康熙帝当时批准了这个交涉大纲。我代表团所负的使命全见于此。我们若以俄国给戈洛文第一次的训令与此大纲相比,则中俄的目的抵触甚多,因为双方都要黑龙江的上流从尼布楚到雅克萨;若以俄国政府第二次的训令与此大纲相比,则双方所争者仅尼布楚城。
我使团于康熙二十七年(1688)五月初一日从北京启程,取道张家口、库伦。适此时喀尔喀与厄鲁特战,路途被阻。索额图等一面率领团员回京,一面派人往色楞格去通知俄国代表阻道的原委,并要求改期改地。戈洛文指定尼布楚为交涉地点。次年四月二十六日,我使团复由北京出发。此次代表中没有阿尔尼及马齐,但添了黑龙江将军萨布素、都统郎坦、都统班布尔善及理藩院侍郎温达。此次所带的兵有北京八旗二千人、黑龙江兵一千五百人,倘总计军中夫役及官员的仆从,全代表的人数在八千人左右。中国外交史上出使之盛,没有过于此次者!康熙帝增加使团的兵数是否因为戈洛文也带有兵来,我们无从知道。不过当时的人,如我们一样,觉在外交应有武力的后盾,但他们的后盾未免过于放在前面了!康熙帝虽对于军备主积极,但对于交涉目的则主退让。使团出发以前,曾拟议交涉大纲应仍旧,康熙帝大不以为然:
今以尼布楚为界,必不与俄罗斯,则彼遣使贸易无栖托之所,势难相通。尔等初议时仍当以尼布楚为界。彼使者若恳求尼布楚,可即以额尔古纳河为界。
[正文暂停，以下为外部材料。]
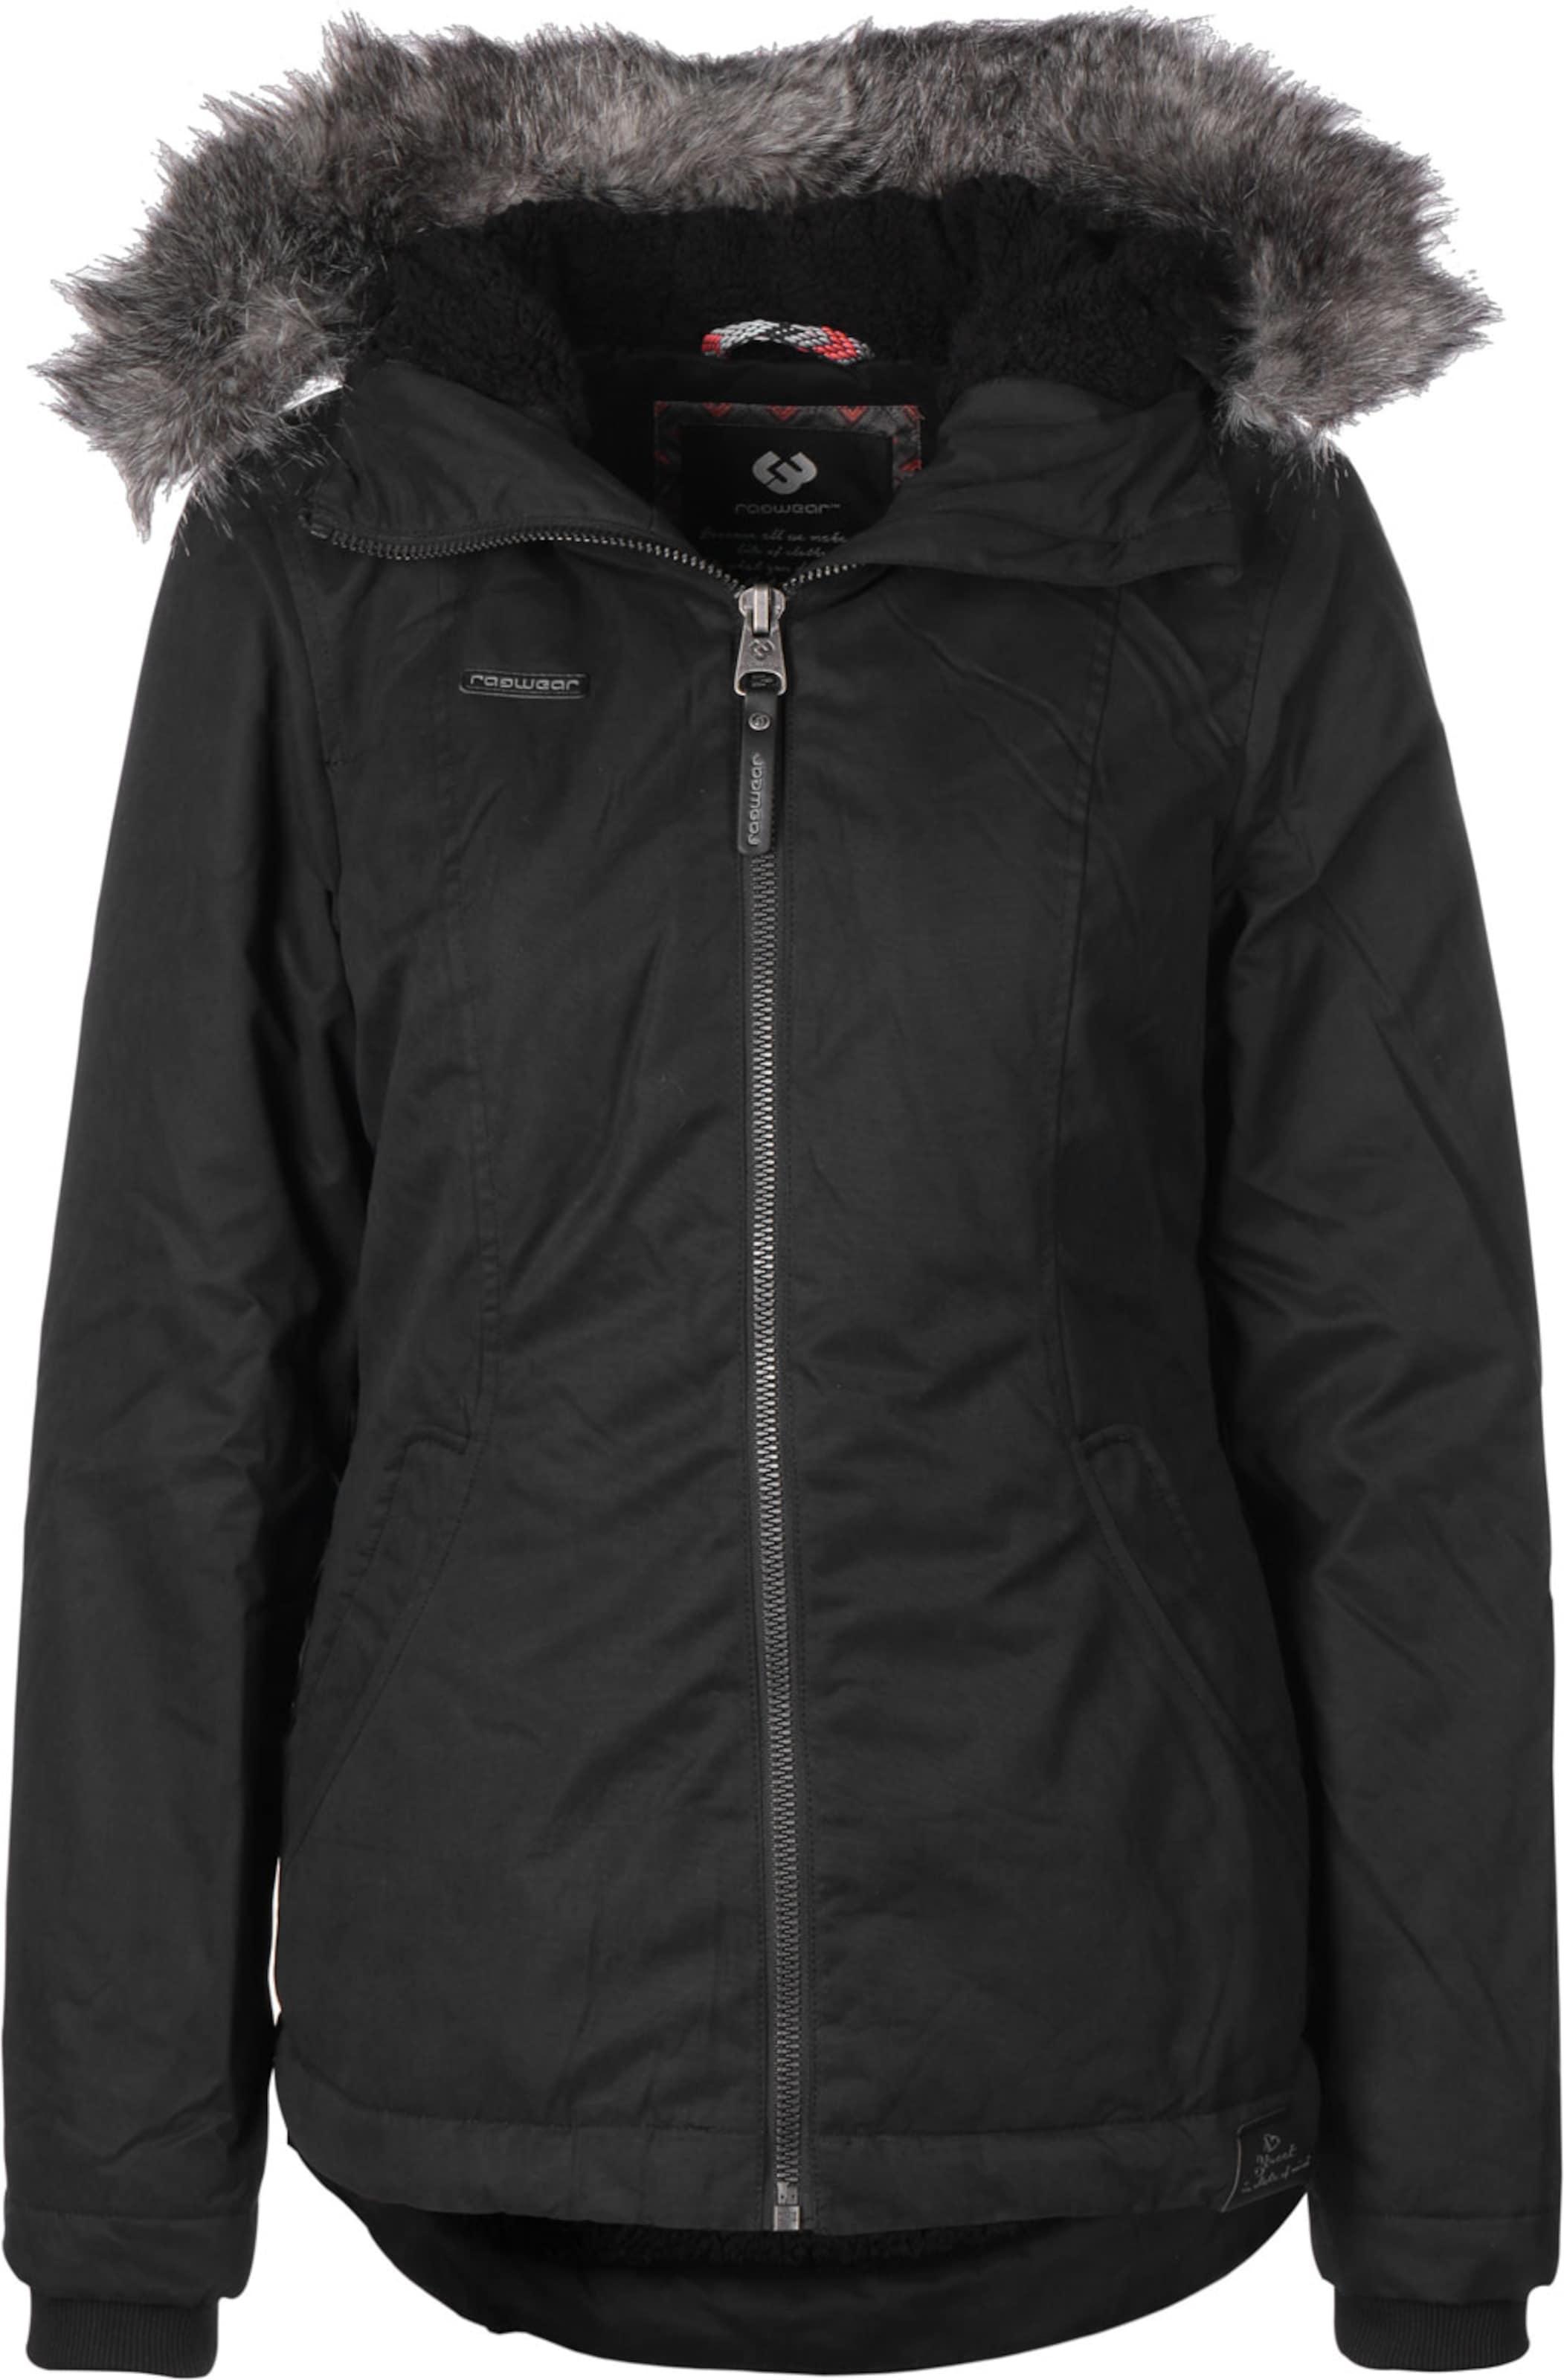 'shortcut' HellgrauSchwarz Ragwear Jacke In H9WID2E
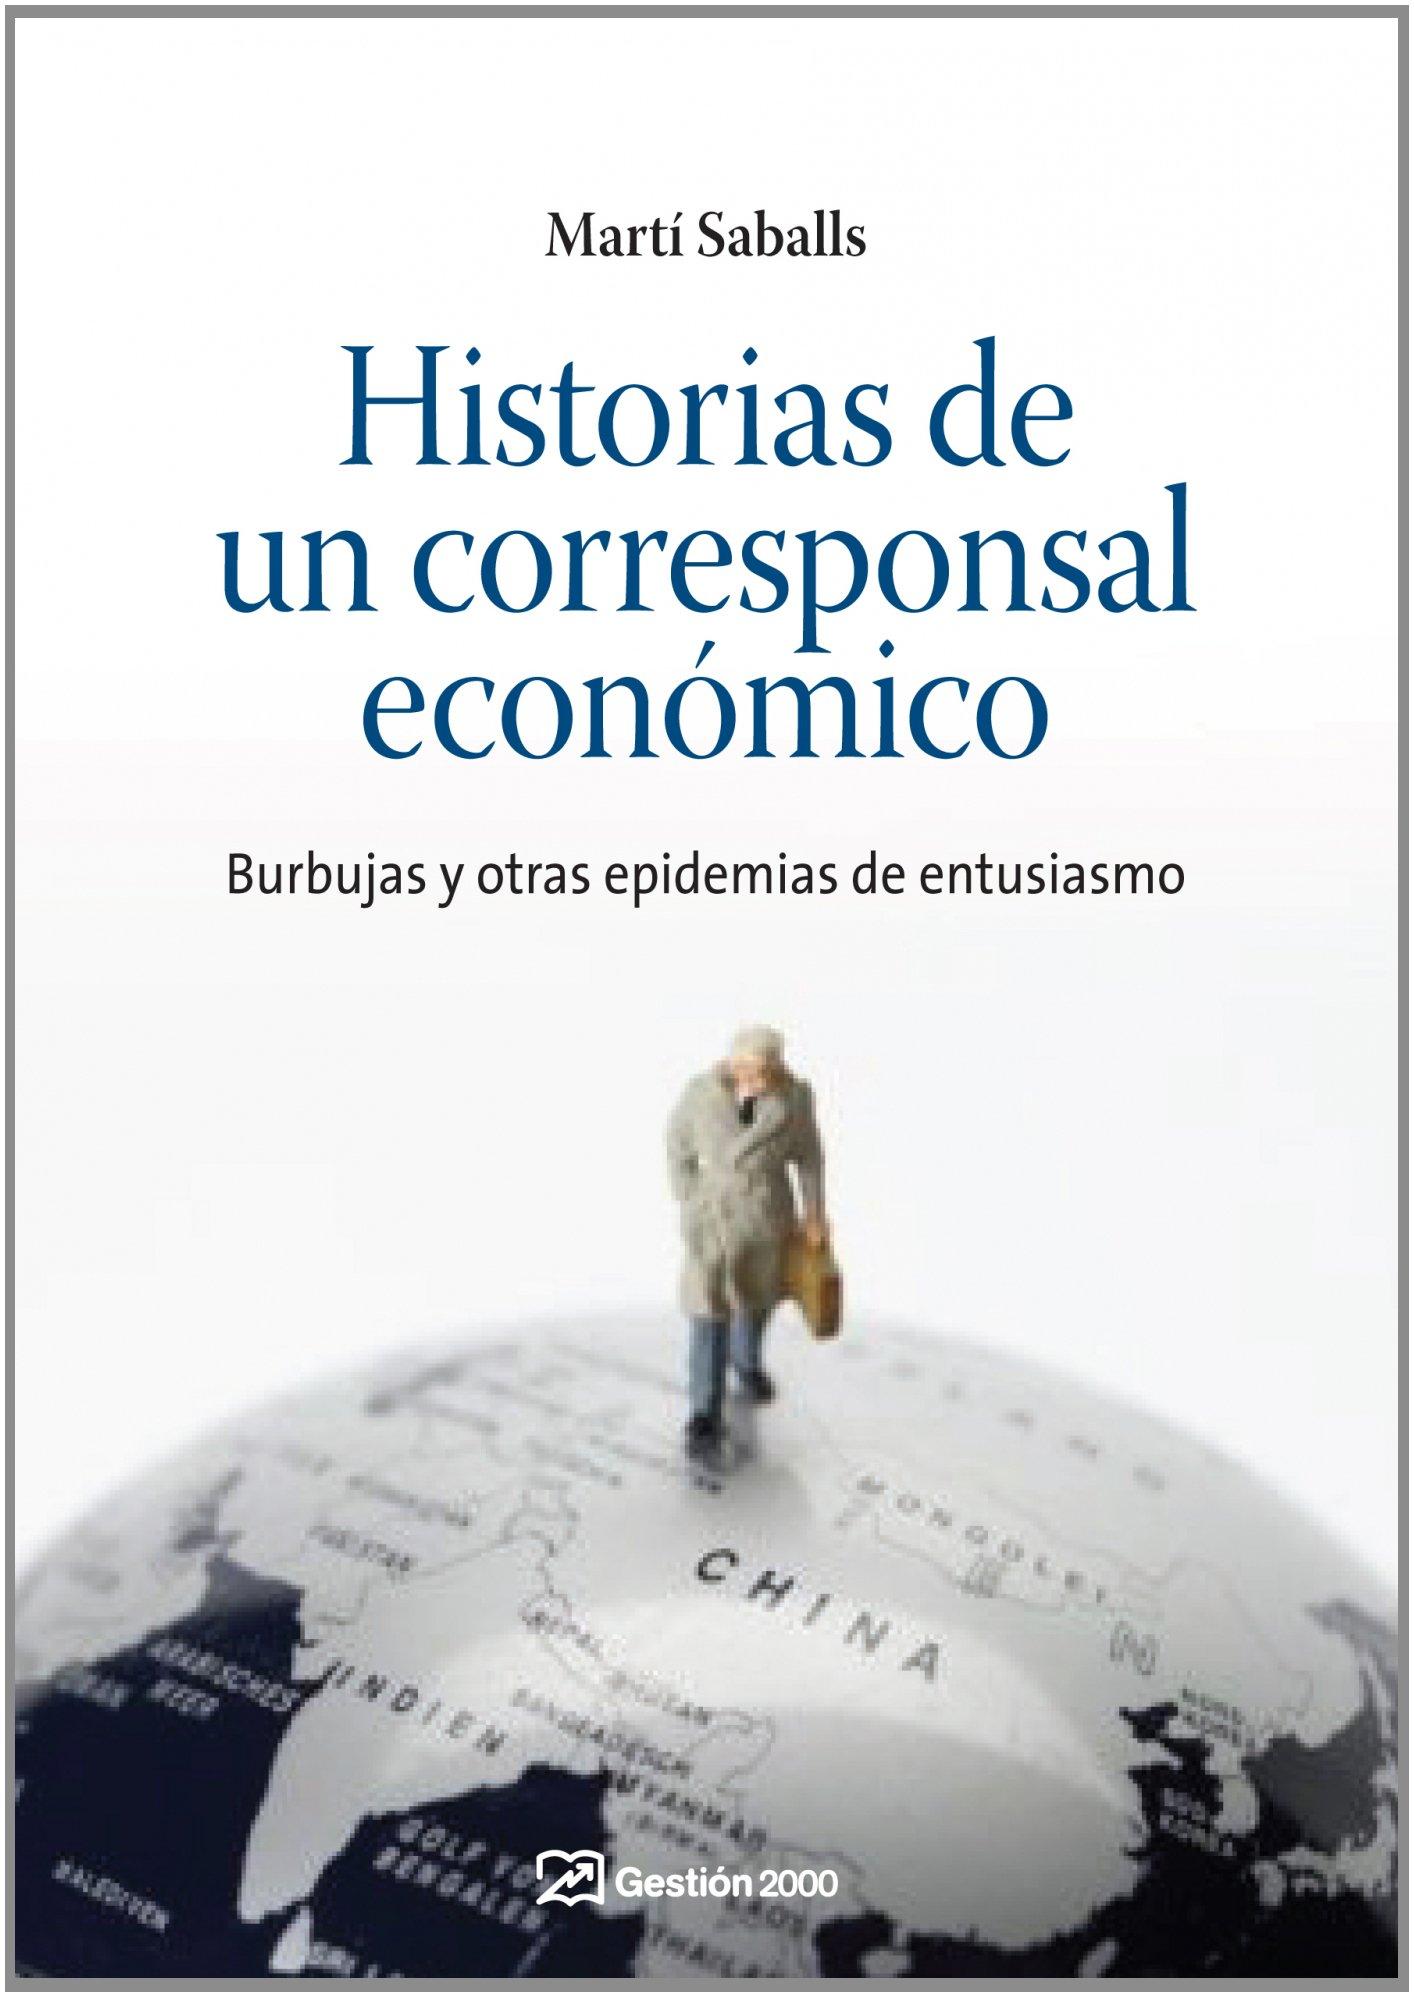 Historias de un corresponsal económico: Burbujas y otras epidemias de entusiasmo: Amazon.es: Marti Saballs: Libros

康熙帝的实在理由或者是因为厄鲁特与喀尔喀的战争已起,中国应速与俄国结案,以便用全力来对付外蒙古问题。交涉大纲经此修改以后,实与俄国政府第二次的训令无所抵触。倘尼布楚的交涉失败,则其故并不在两国政府目的的悬殊。
六月中,我代表团抵尼布楚。俄人见我方军容之盛,不知我方实意在议和,抑在交战。戈洛文迟到二十天。因为双方军备均甚严,一时空气颇紧张。应酬费了几天工夫,遂决定开议形式:双方可各带七百六十兵赴会,但其中五百须留会场外,二百六十可入会场,站在代表后面。
七月初八初次会议,戈洛文提议中俄两国应以黑龙江为界,江左(北)属俄,江右(南)属华。索额图则谓俄国应退至色楞格以西,以东的地方,包括色楞格、尼布楚、雅克萨皆应属中国。双方皆要价甚高,故相差甚远。次日,中国代表首先减价:色楞格及尼布楚愿让归俄国。这是遵守朝廷的训令,也是我方预定的最低限度。戈洛文付之一笑,以为该二处无需中国之慷慨。七月初十日,交涉仍无进展。我代表遂提议双方签订正式会议记录,以俾各返国复命。这等于宣布会议决裂。次晨,戈洛文派人来声明接受此项提议,但要求再开会议一次,我方不允。张诚及徐日升得了代表的许可,以私人的资格往访戈洛文。张诚等的疏通,据其日记,有如下状:
莫斯科人实际渴望和平不在我们(中国代表团)之下,对于我两人的访问,他们表示愉快。我们起头就对他们说:如果他们不愿意放弃雅克萨及附近的土地,那么,他们用不着再费事了,因为我们确实知道我们的大使曾得着明文的训令,非得此地不立约。至于尼布楚和雅克萨之间的地方,及黑龙江以北的地方,我们不知道大使们可退让到什么地步。莫斯科的代表可一斟酌他们所希望在尼布楚及雅克萨之间的界限,我们的大使因为渴望和平,必竭其力之所能以促成之。
莫斯科的全权代表回答说,既然这样,他就请我们的大使把最后的决定通知他。